In brief: Google's parent company Alphabet says it's having a great third quarter, but in reality the company is taking a hit on its profits by increasing investments in various areas of potential growth, such as cloud computing. This, according to CEO Sundar Pichai, is only a temporary blip -- the company sees itself as a "new entrant" that has a lot of new opportunities to create competition.
Last August, Alphabet was seen taking over Apple to become the most cash-rich company on Earth, mostly because of the latter's overseas profit repatriation and relatively high R&D spending. However, Google's parent company has posted its latest financial report, which tells a mixed story to investors.
The company reported revenues of $40.5 billion for the third quarter of 2019, a 20 percent increase over the same period of last year. However, that only tells one part of the story, as the profit failed to meet targets and analyst forecasts -- it saw a sharp decline of 23 percent to almost $7.1 billion. This caused a mild drop of 2 percent in value for company shares in after-hours trading.
Naturally, most of the revenue came from Google and more specifically, from Google's advertising business, which makes up 85 percent of the total earnings. Google's "Other Revenues" segment, which includes cloud and the mobile hardware business registered $6.4 billion in revenue.

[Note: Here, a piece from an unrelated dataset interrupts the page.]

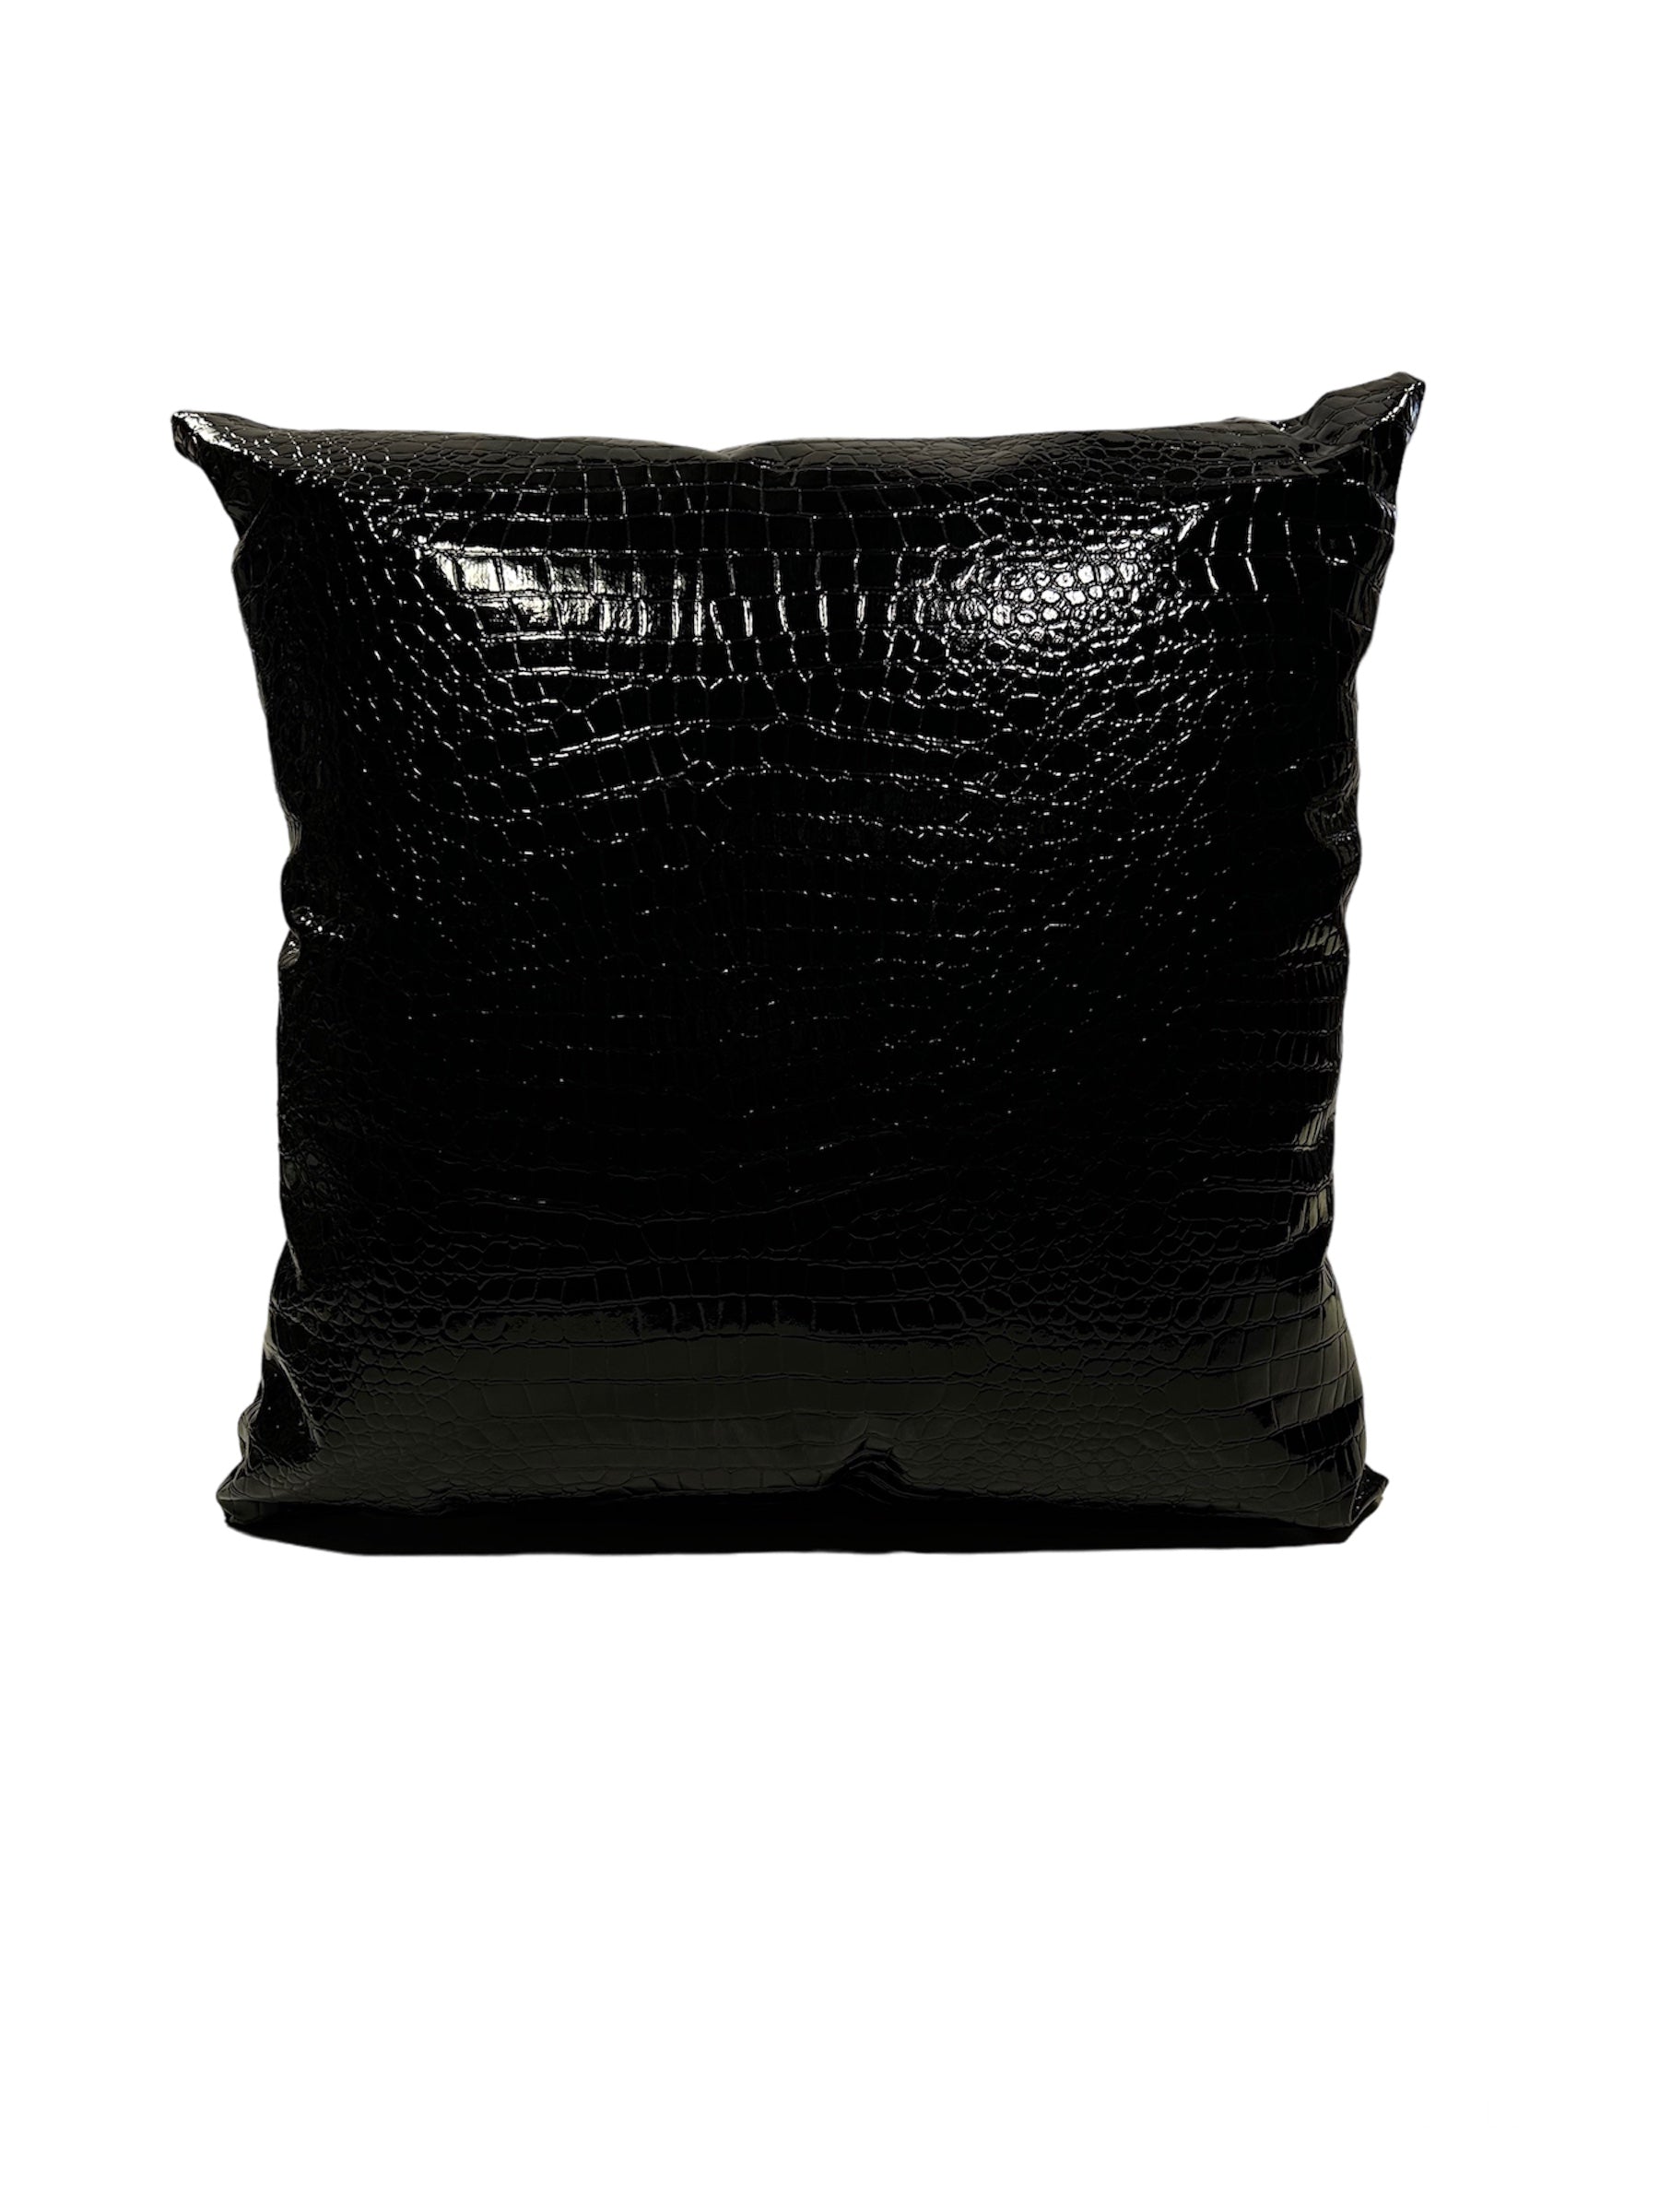 Cuscino in PVC semirigido con effetto pitonato di colore nero lucido. Interno removibile attraverso una cerniera. Dimensioni: cm 60 x 60. In negozio e online su tuttochic.it
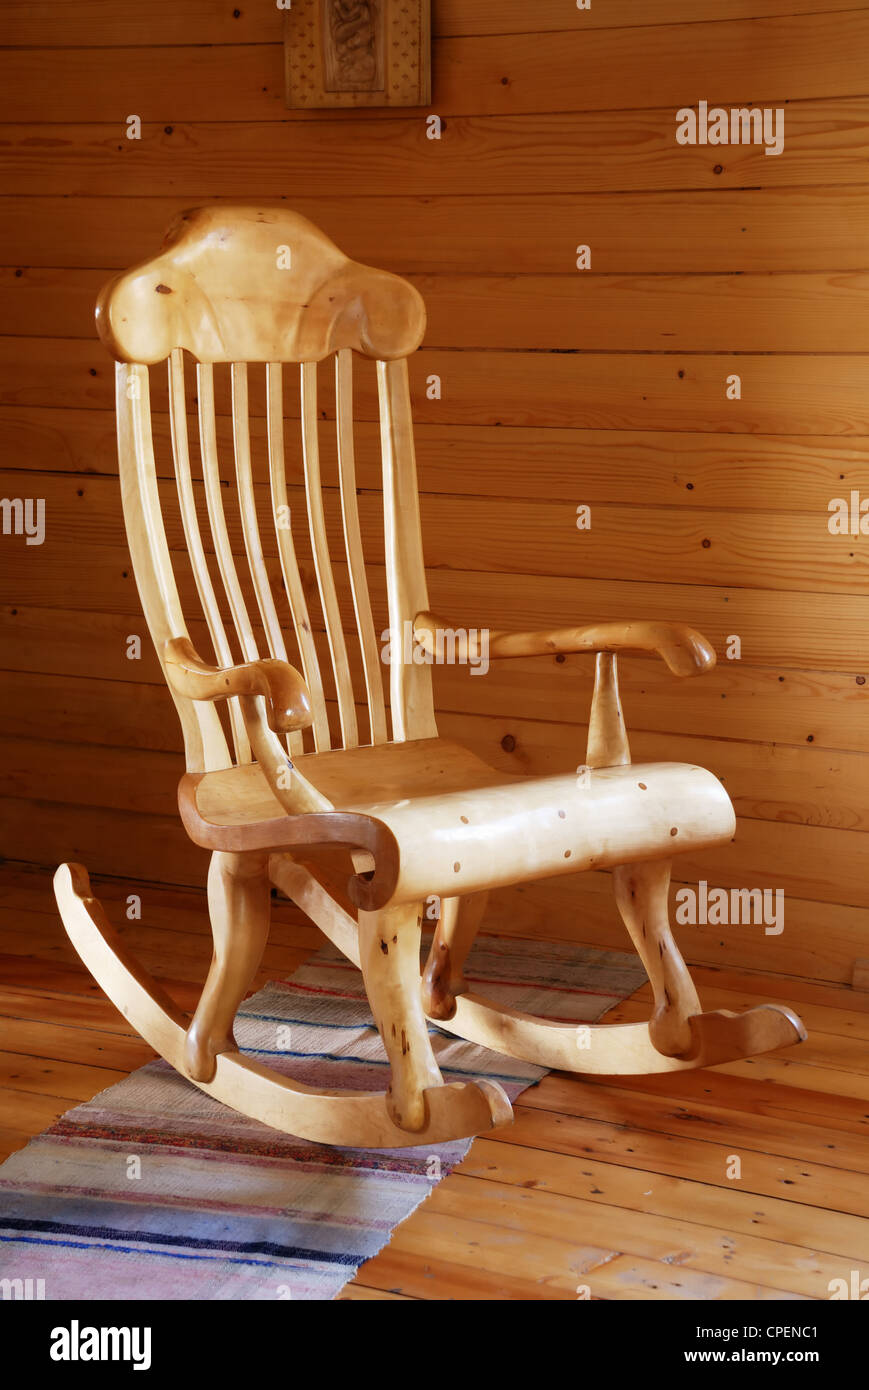 geschnitzte Holz Schaukelstuhl im Landhausstil Innenraum Stockfotografie -  Alamy

It's also worth mentioning that Alphabet's "Other Bets" category may have had a significant contribution to the decrease in overall profits, as the operating losses amount to a whopping $941 million. This includes investments in Waymo, Verily, and Google Fiber.
Between Google's antitrust battles and increased competition from other tech giants like Amazon, the company has been working to reduce its reliance on search and advertising by investing more into enterprise cloud and ambient computing, not to mention self-driving cars. As part of that strategy, Google hired 6,450 employees in the last three months alone, and now sits at a total of 114,000.
Google has to look beyond search and advertising for long-term growth opportunities, so investors aren't particularly worried about the current earnings miss. That said, the company decided not to compete for the Pentagon's cloud-computing contract valued at $10 billion, which was recently awarded to Microsoft.
Cloud computing would appear to be where the company is turning most of its efforts. On the consumer front, that translates into Google Stadia, a service that would allow people with a fast enough connection to play AAA games on mobile devices or in the living room by streaming all content in real time while rendering work takes place away on Google's datacenters.